An exact copy is needed of the lines from the one that contains "Sanasa Development Bank" through the final line of the data below, with pictures left out.
COLLECTED MATERIAL START
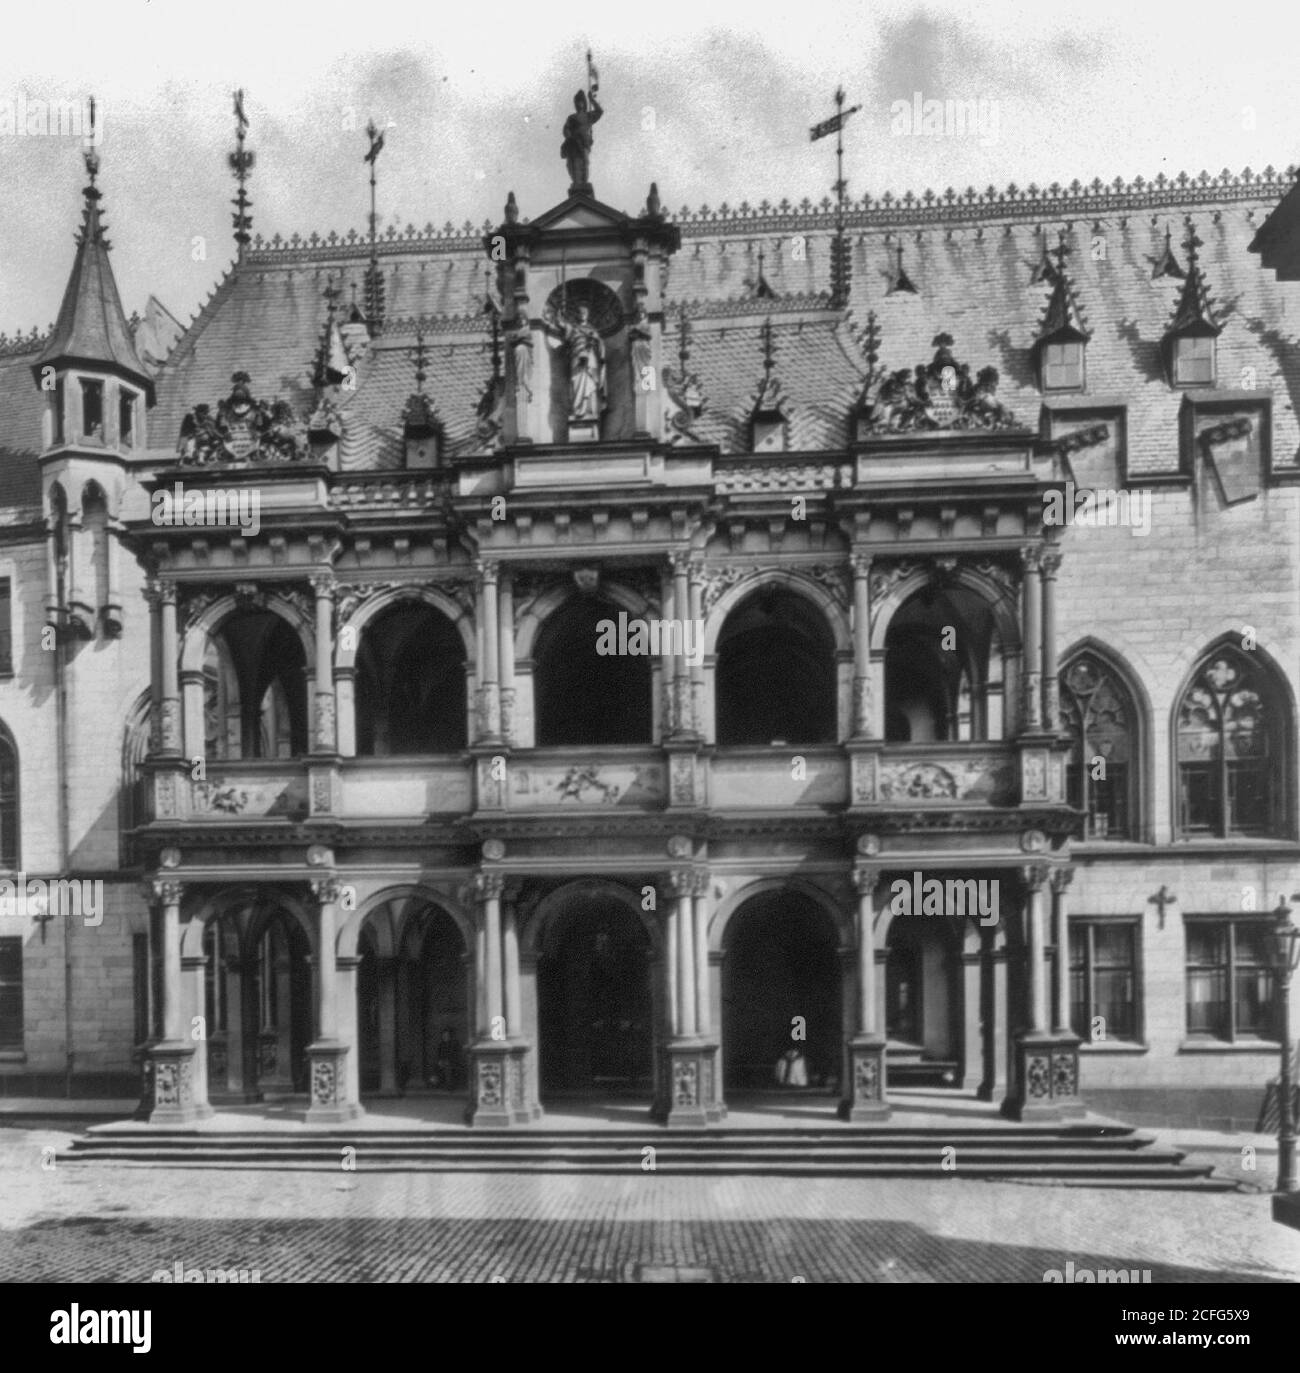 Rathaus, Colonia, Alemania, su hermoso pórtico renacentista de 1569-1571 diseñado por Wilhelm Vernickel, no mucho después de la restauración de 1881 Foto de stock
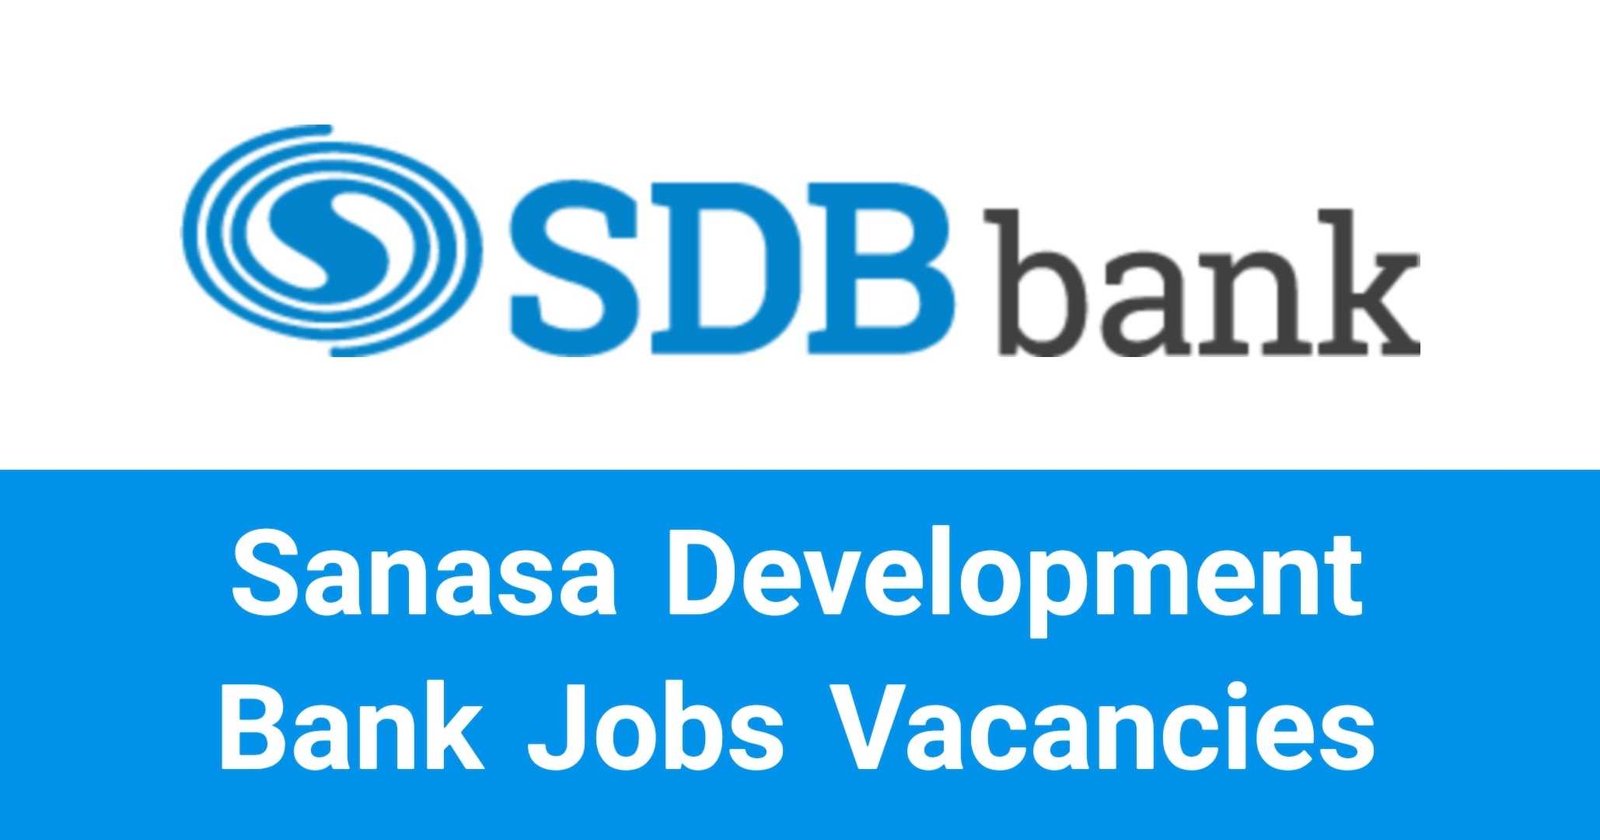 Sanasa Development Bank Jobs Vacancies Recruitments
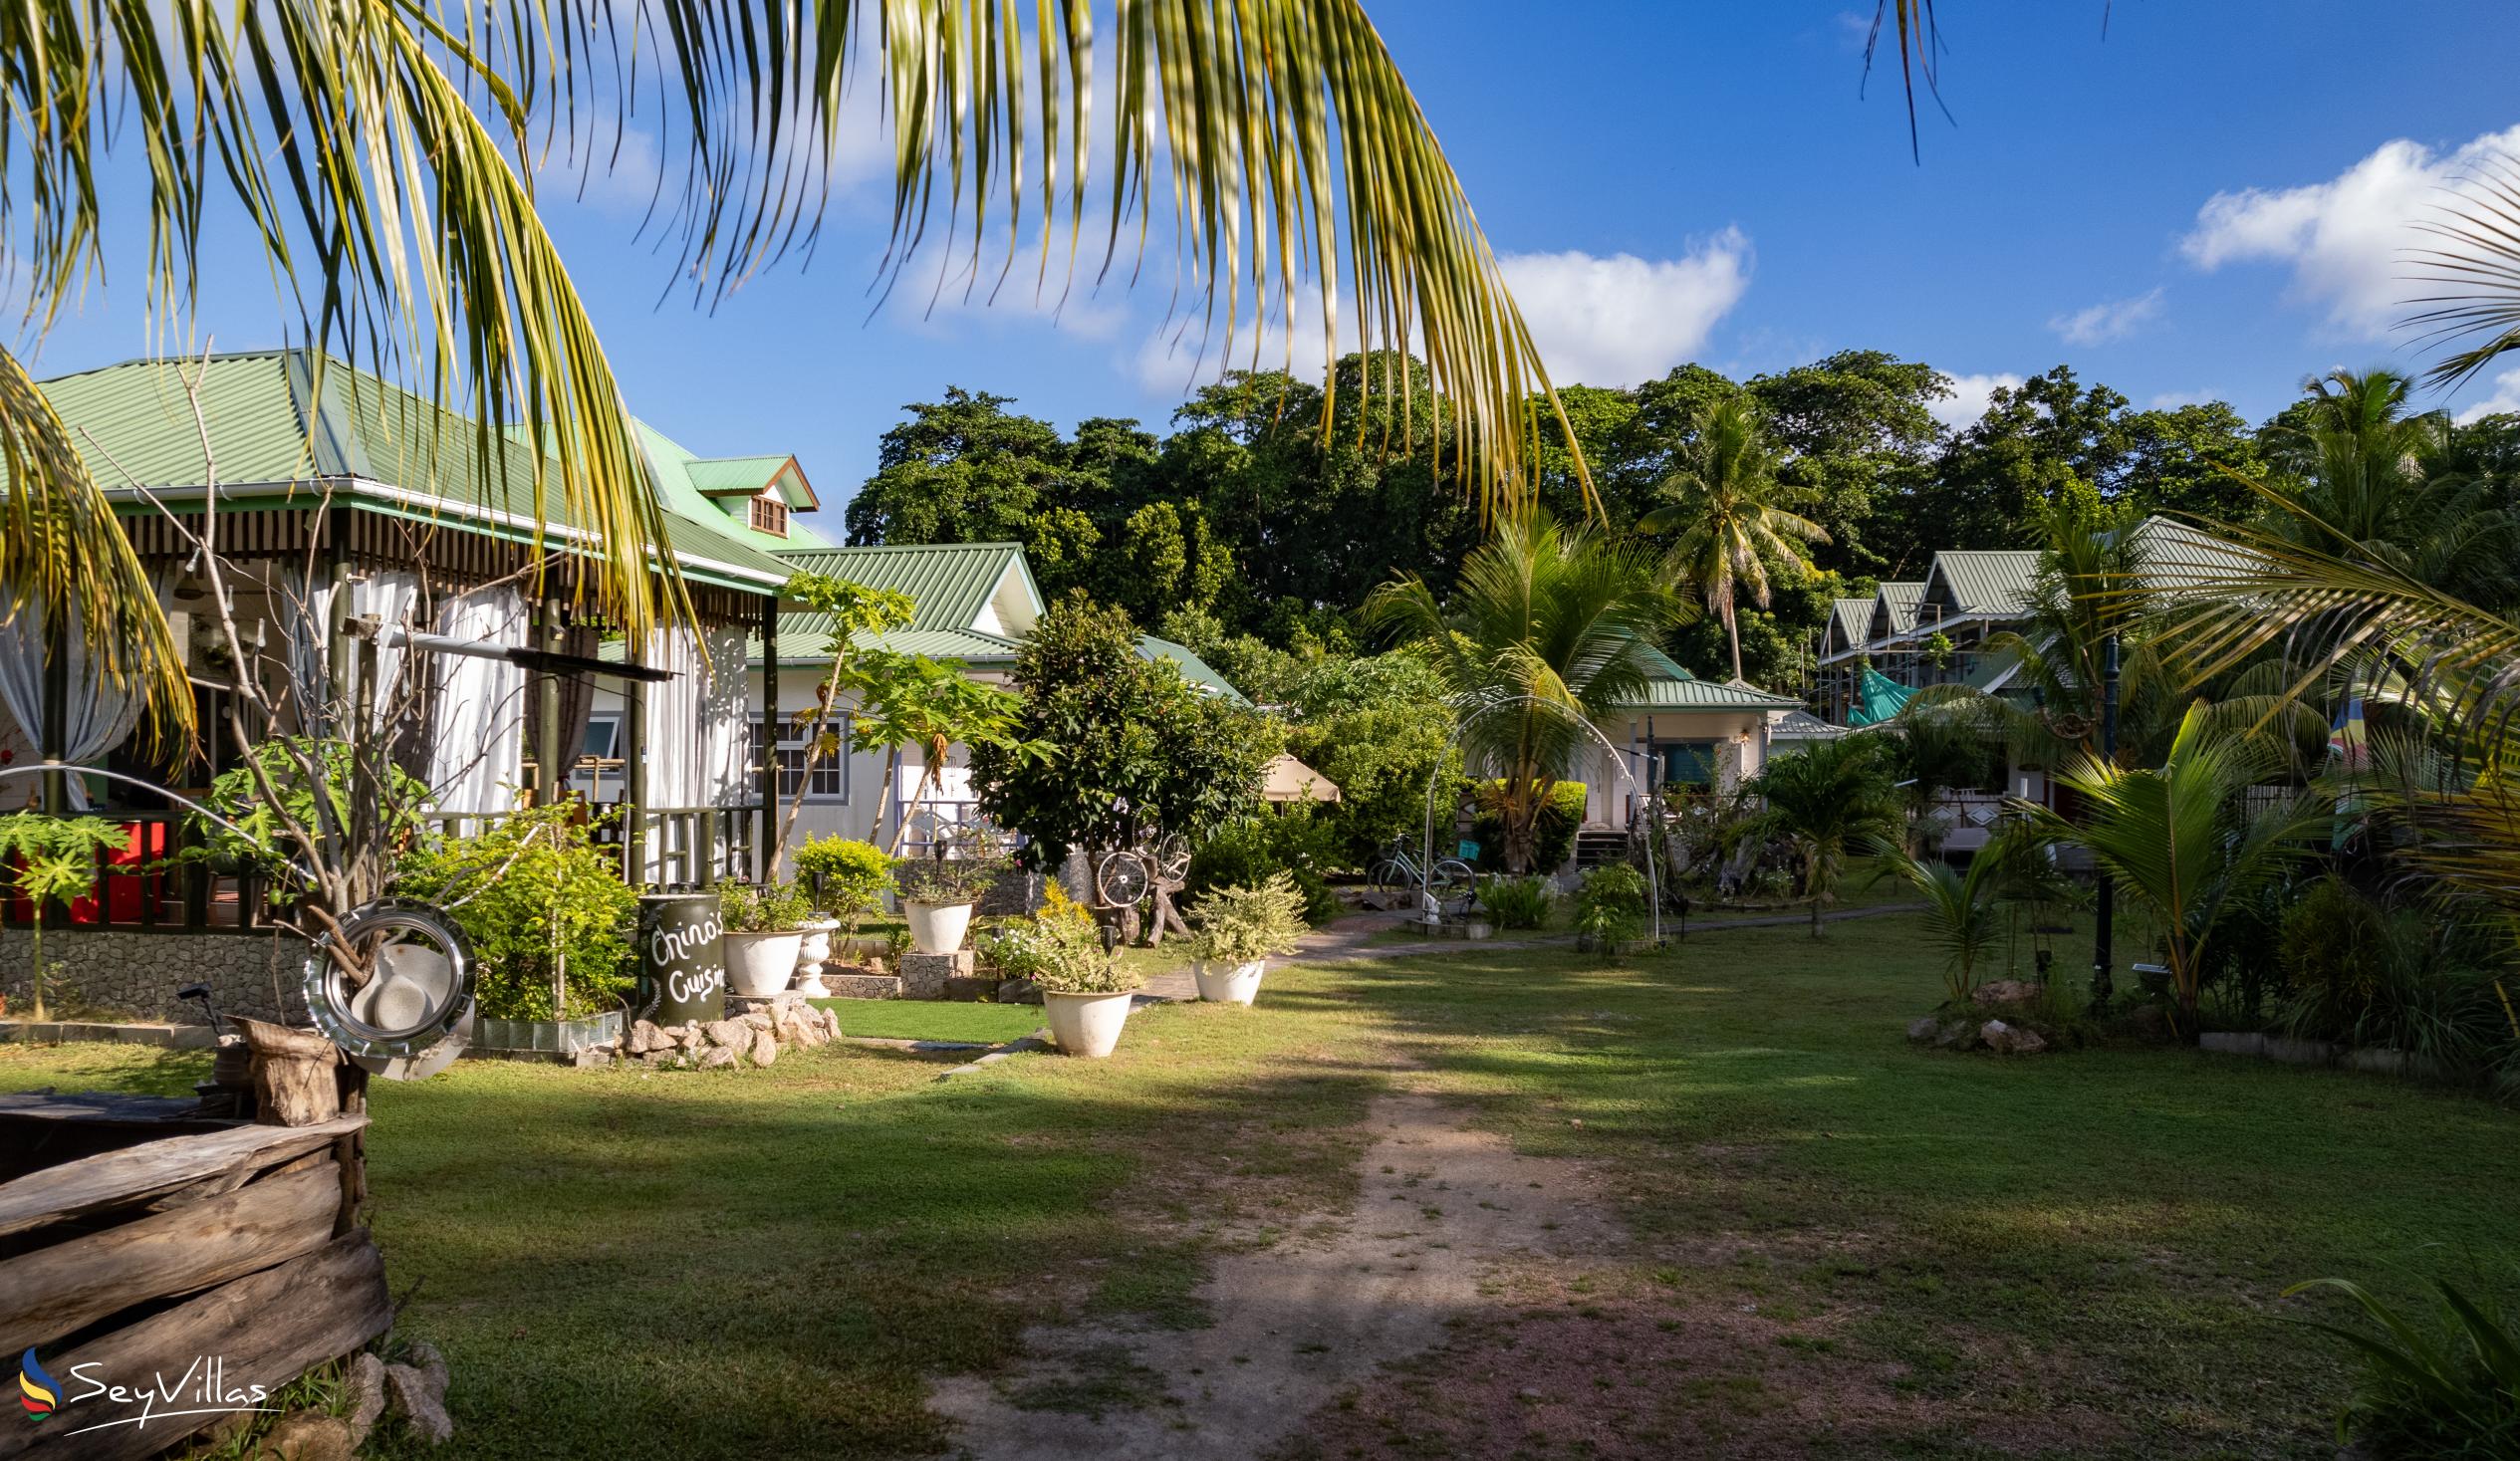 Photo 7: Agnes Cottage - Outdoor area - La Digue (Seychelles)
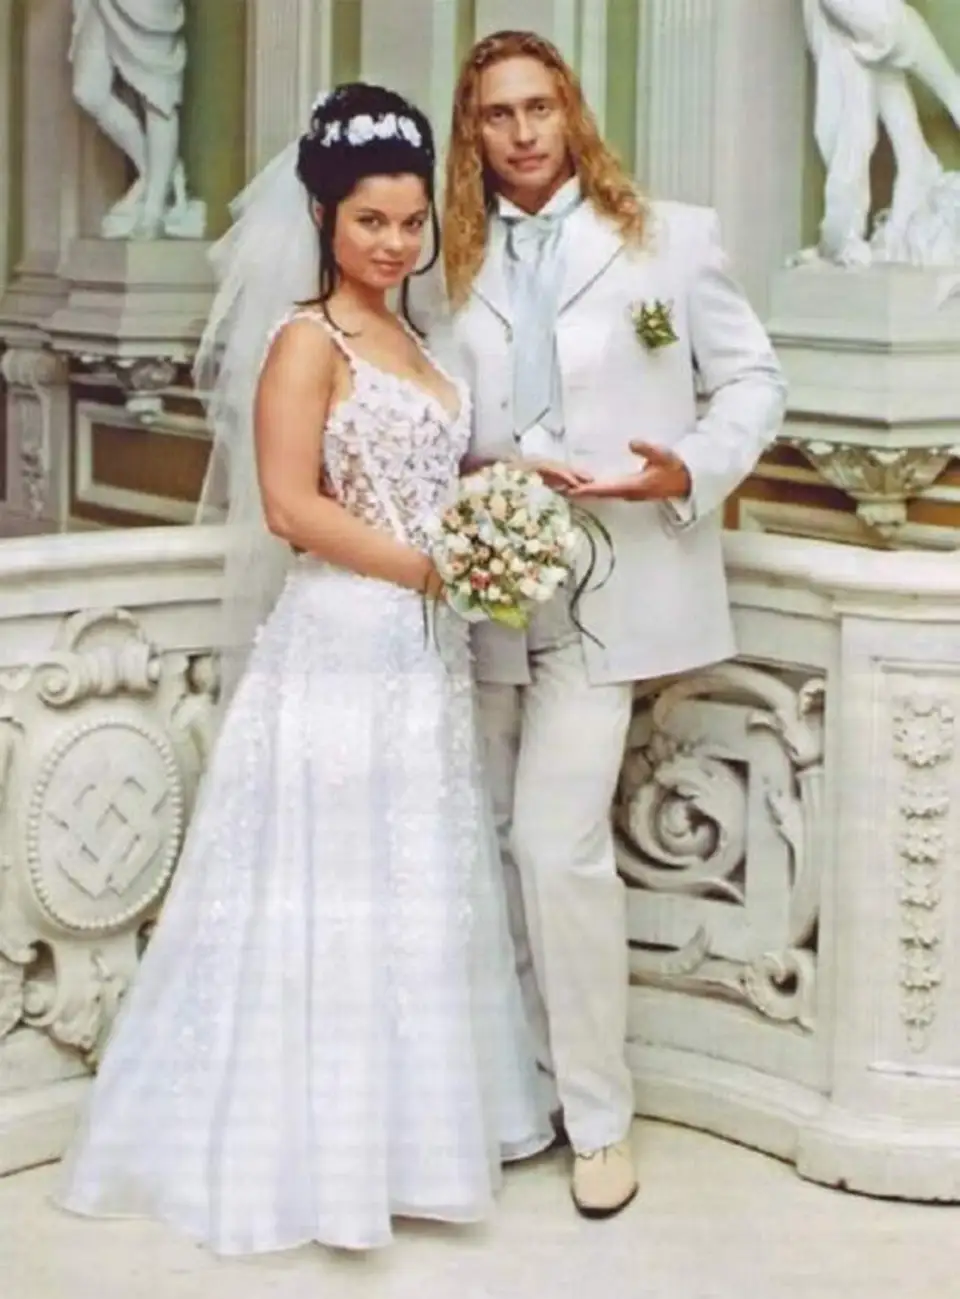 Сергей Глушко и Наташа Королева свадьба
COLLECTED MATERIAL END
* ANSWER BOX *
 Sanasa Development Bank Jobs Vacancies Recruitments
 Photo 7: Agnes Cottage - Outdoor area - La Digue (Seychelles)
 Сергей Глушко и Наташа Королева свадьба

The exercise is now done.